* _Work request_
Leave the pictures behind and reproduce every line of the listing exactly.

* _Dataset content_
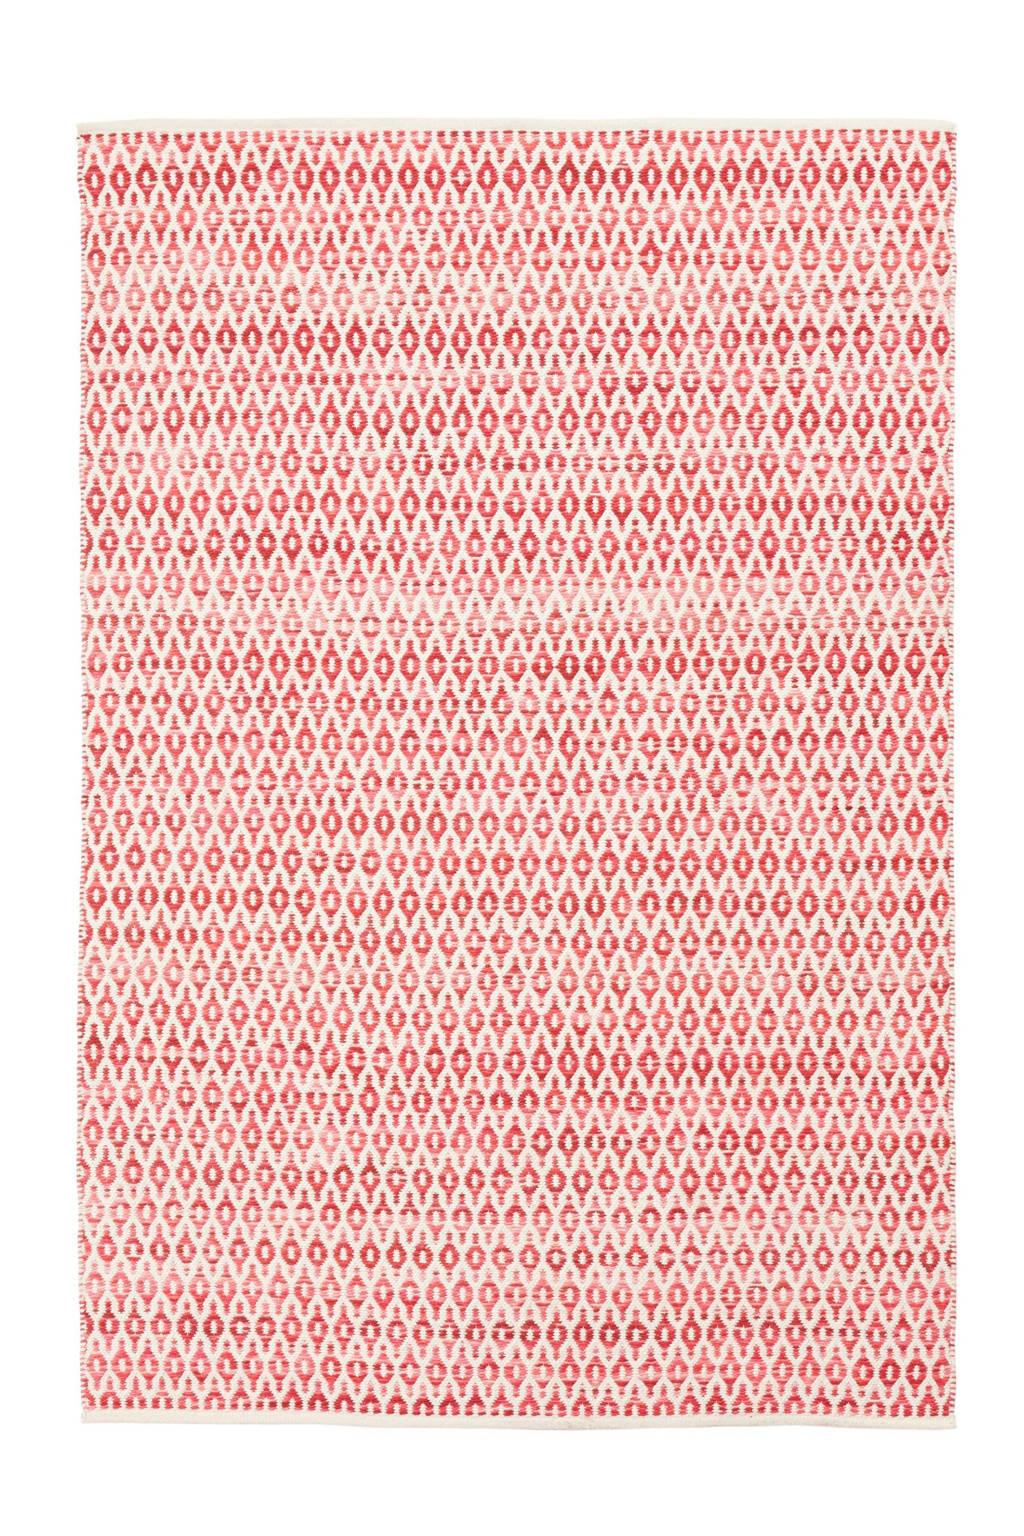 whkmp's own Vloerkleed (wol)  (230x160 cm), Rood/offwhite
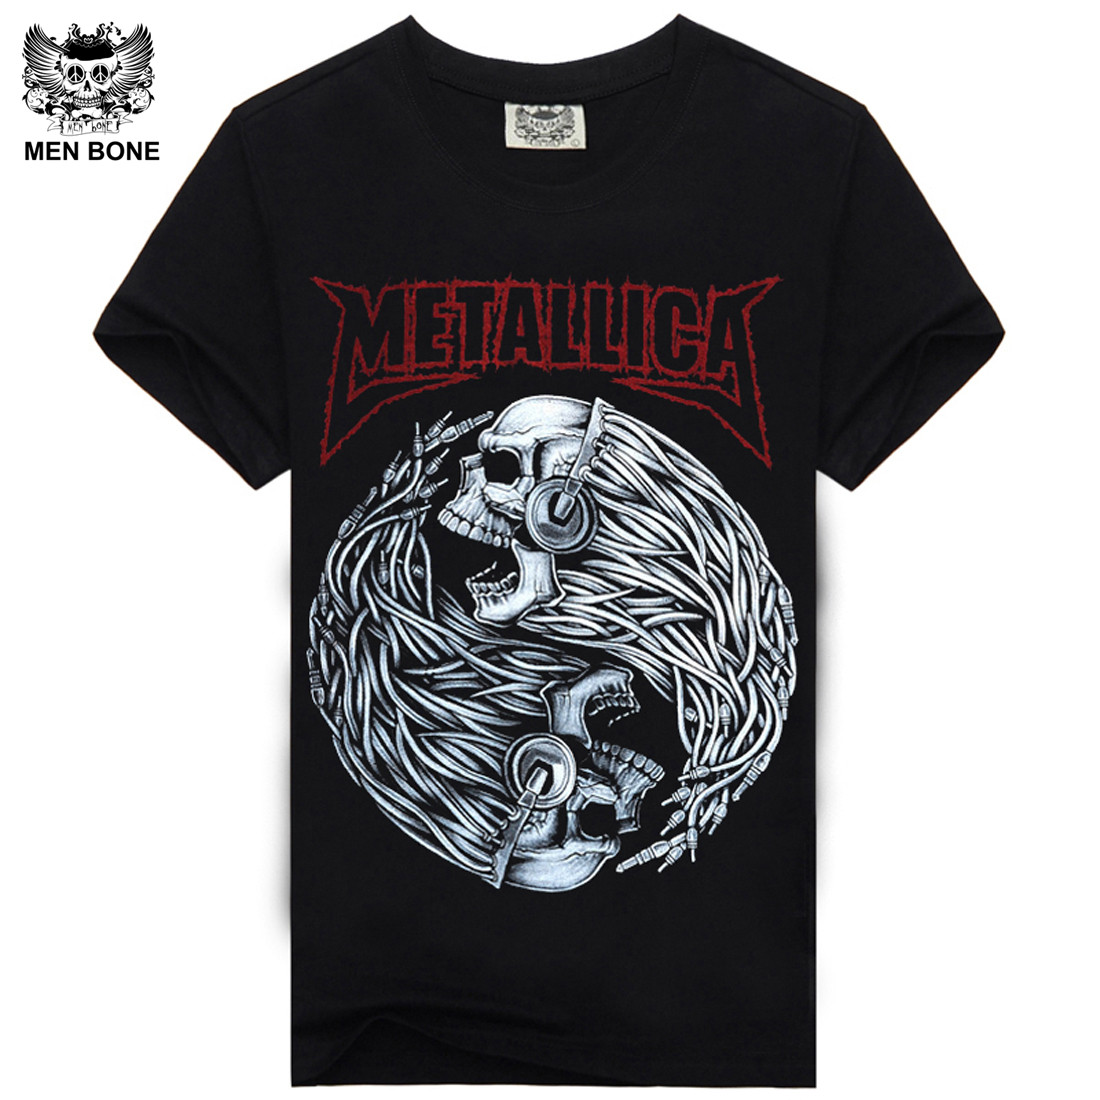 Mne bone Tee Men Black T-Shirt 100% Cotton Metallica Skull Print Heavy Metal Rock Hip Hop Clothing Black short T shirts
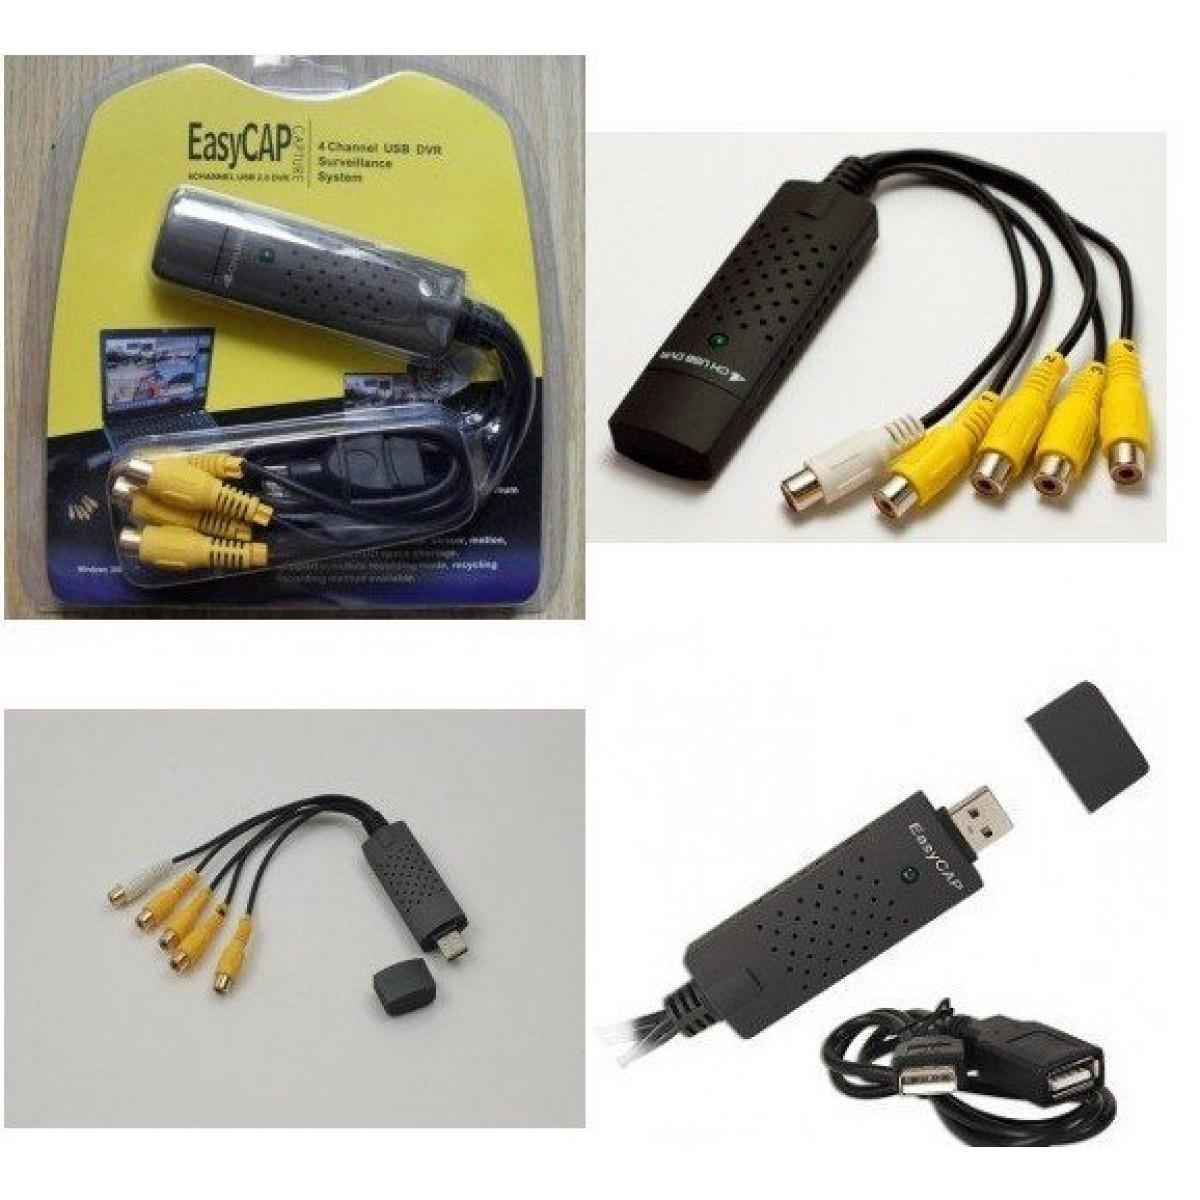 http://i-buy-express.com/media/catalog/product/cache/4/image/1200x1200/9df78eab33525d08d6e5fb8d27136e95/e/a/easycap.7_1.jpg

* _Solution to this problem_
 whkmp's own Vloerkleed (wol)  (230x160 cm), Rood/offwhite
 Mne bone Tee Men Black T-Shirt 100% Cotton Metallica Skull Print Heavy Metal Rock Hip Hop Clothing Black short T shirts
 http://i-buy-express.com/media/catalog/product/cache/4/image/1200x1200/9df78eab33525d08d6e5fb8d27136e95/e/a/easycap.7_1.jpg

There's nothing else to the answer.